In a letter to EU policymakers, Canada’s ambassador advocates for stripping key provisions from the bill that would implement long-overdue protections for boreal and temperate forests in the Global North. While claiming to “support the objectives” of the EU bill, the Government of Canada is attempting to scale back the scope of the forest commodities covered under the bill and to entirely remove one of the regulation’s most central features: its restrictions on products tied to forest degradation, which includes the industrial logging of climate-critical primary boreal forests. 

Canada’s advocacy for stripping degradation from the EU bill is, like its opposition to the New York and California legislation, a call for continued impunity for the Global North’s industrial logging. For years, the Global North has avoided accountability for its own forest impacts through exploiting the narrow definition of “deforestation,” which applies only to the conversion of a forest to another land use, like agriculture or cattle ranching. Industrial logging, which aims to regrow the trees for another round of cuts decades later, ostensibly “keeps the forest a forest”--even when the clearcut forest is irreplaceable. 

As a result, even though industrial logging in the Global North is the single largest driver of tree cover loss in the world, it’s been invisible in international policymaking. Canada can boast near-zero deforestation, even while clearcutting more than 1.3 million acres of forest, much of this in never-before-logged primary forests essential to the climate and biodiversity. It can claim to be a “world leader on forest management,” while ranking third globally in intact forest landscape loss and tree cover loss, behind only Russia and Brazil.  

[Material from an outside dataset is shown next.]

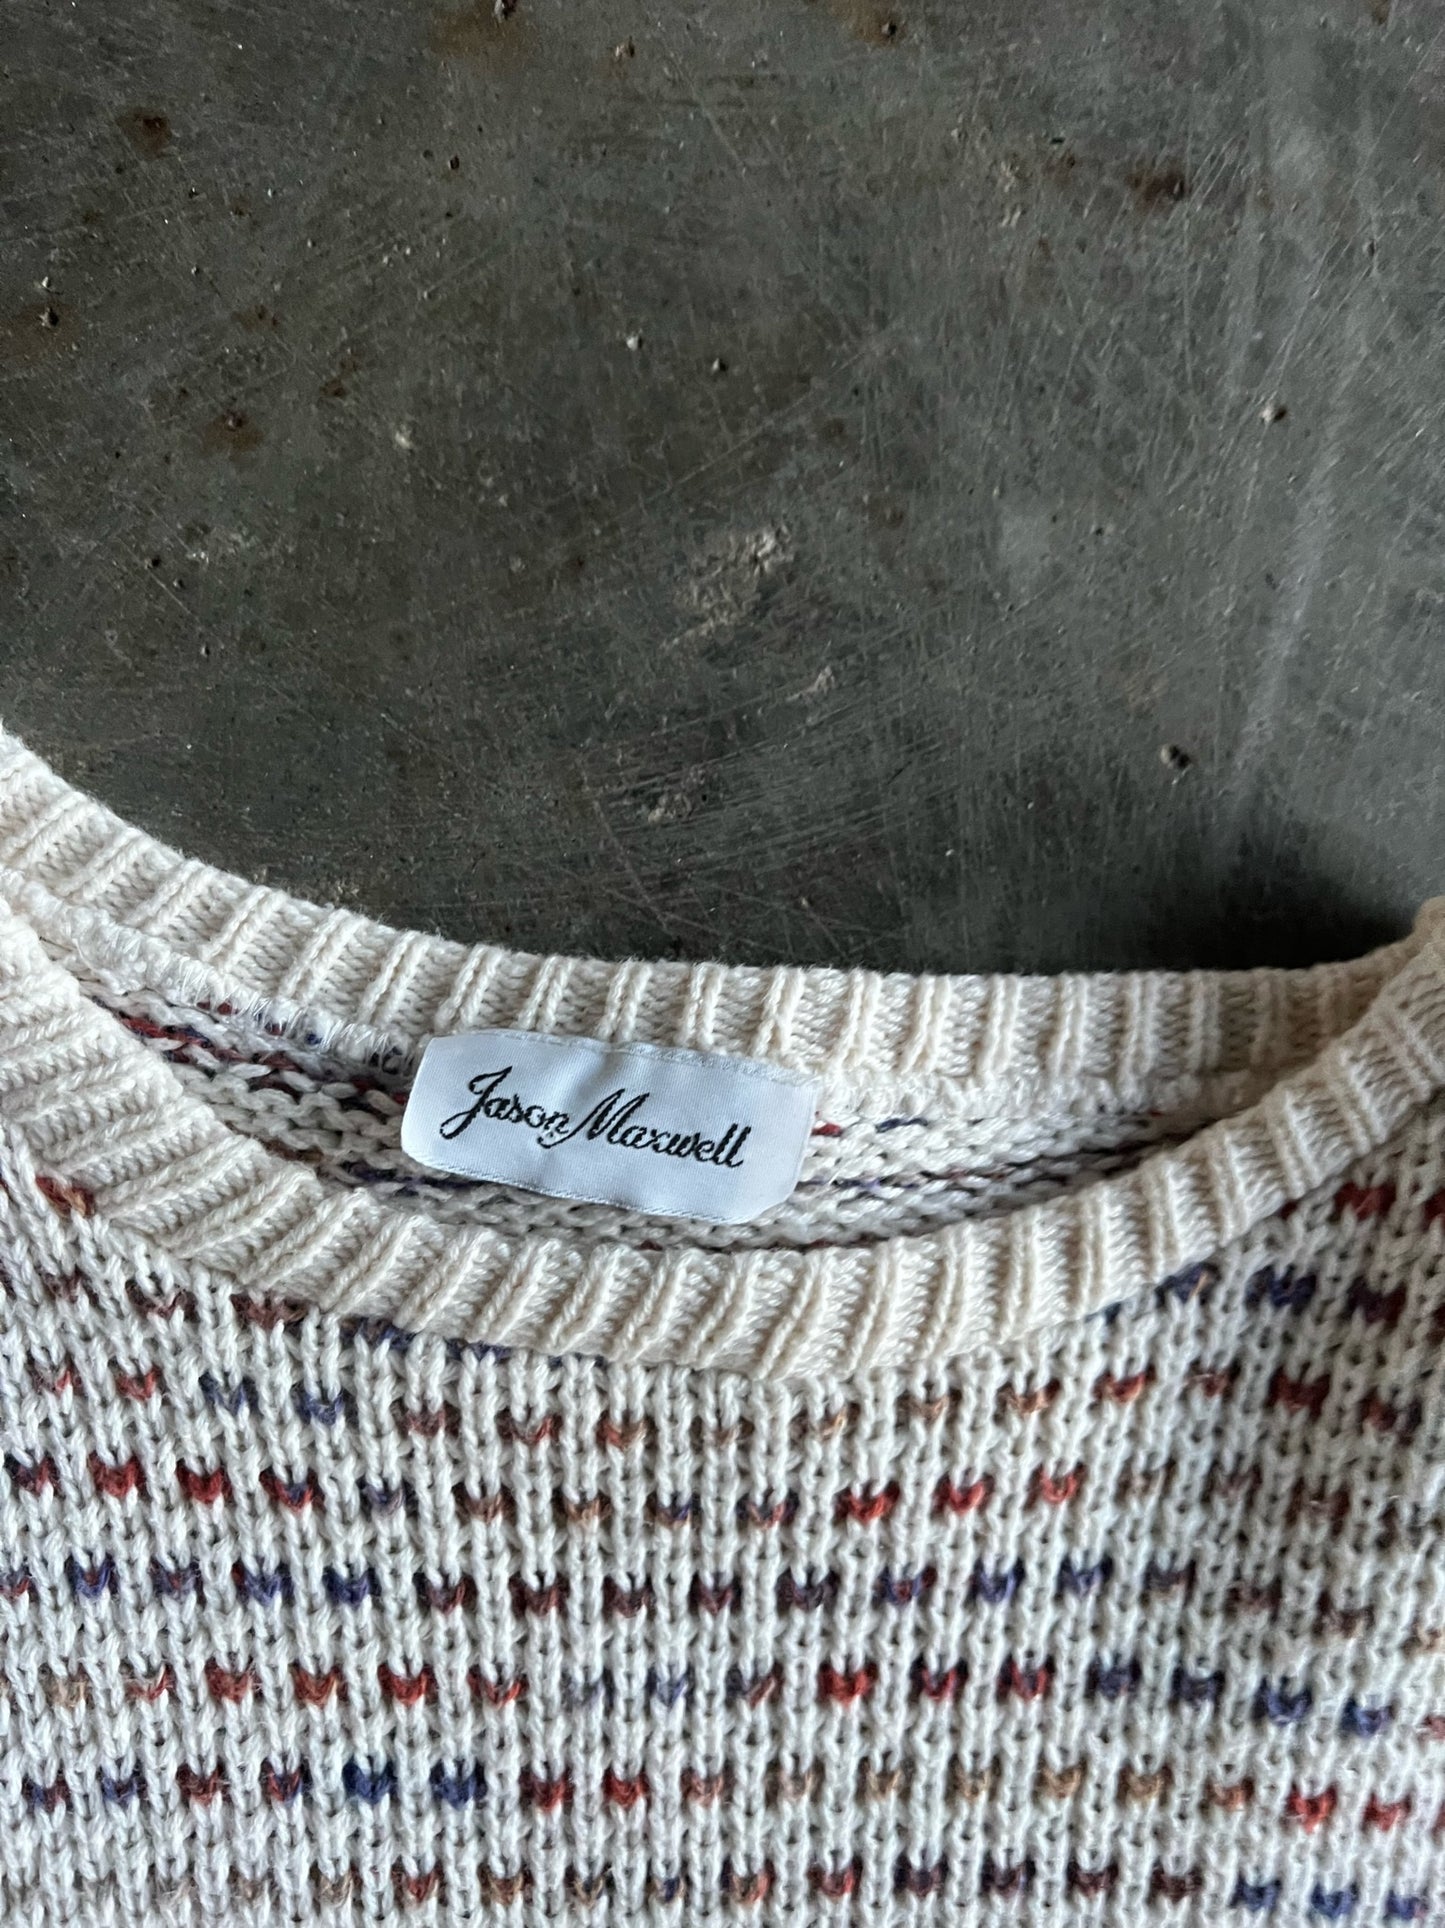 Vintage Jason Maxwell Knit Sweater - S

While Canada’s opposition to the legislation in New York and California attempted to claim that the term “degradation” does not apply in Canada, that position has become increasingly untenable given recent warnings from scientists about the toll of Canada’s continued impact on primary forests. Instead, in a well-worn denalist tactic, Canada’s now insisting that the term “degradation” has no universally recognized definition and therefore isn’t yet a workable element of EU policy. However, scientists have been clear that the term, which does have internationally recognized definitions, at a minimum encompasses industrial logging in primary forests, providing a clear starting point for policies targeting degradation. 

Perhaps even more alarmingly, Canada’s casting doubt on the workability of a “forest degradation” standard when, for more than a year, it’s been a signatory to the Glasgow Leaders’ Declaration on Forests and Land Use–which commits countries to ending and reversing deforestation and land degradation by 2030. If Canada is simultaneously working to undermine the same measures it’s committed to supporting, it shatters the country’s credibility as an honest broker on international environmental agreements. As Canada magnanimously supports efforts to stem tropical deforestation under the Glasgow Declaration, it seems to want to erase its own domestic forest protection responsibilities enshrined in the agreement.  

COP15 also comes at the end of a particularly bleak year for Canada’s approach to its domestic forest policy, from failure to take action to protect boreal caribou to advancing a misguided offsets policy. A recent report from NRDC and Nature Canada highlighted that industrial logging is responsible for more than 10 percent of Canada’s overall greenhouse gas emissions, placing the sector on par with the impact of tar sands production. Yet, the Trudeau government continues to cling to accounting sleights of hand dating back to the Conservative Harper government that effectively write off these emissions, making the industry appear to have little to no climate footprint. The government’s response to the NRDC and Nature Canada report has leaned on misrepresentations of international carbon accounting rules, attempted to justify giving the logging industry credit for the forests they do not cut, and–as always–pointed to tree planting as a hallmark of forest leadership. 

All this has left Canada clinging to a slow-to-start tree planting program as the centerpiece of its “leading” forest policy agenda and mired the Trudeau government in a new kind of climate denial. 

Biodiversity’s fate isn’t just tethered to far-flung forests in the tropics. It’s also being written just a few hours’ drive from where the delegates will meet in Montreal, in the tracks of bulldozers and in beheaded stumps. COP15 will be a moment of reckoning for the Trudeau government–and an opportunity to finally change course. Canada needs to acknowledge that primary and mature forests are too vital to send to a fate as toilet paper and 2x4’s and that economic health doesn’t have to come at the expense of forests’. At COP15, Canada can finally shed its growing reputation for obstructionism and champion the development of a strong Global Biodiversity Framework that will set the stage for the next critical decade for our forests and the future of our planet.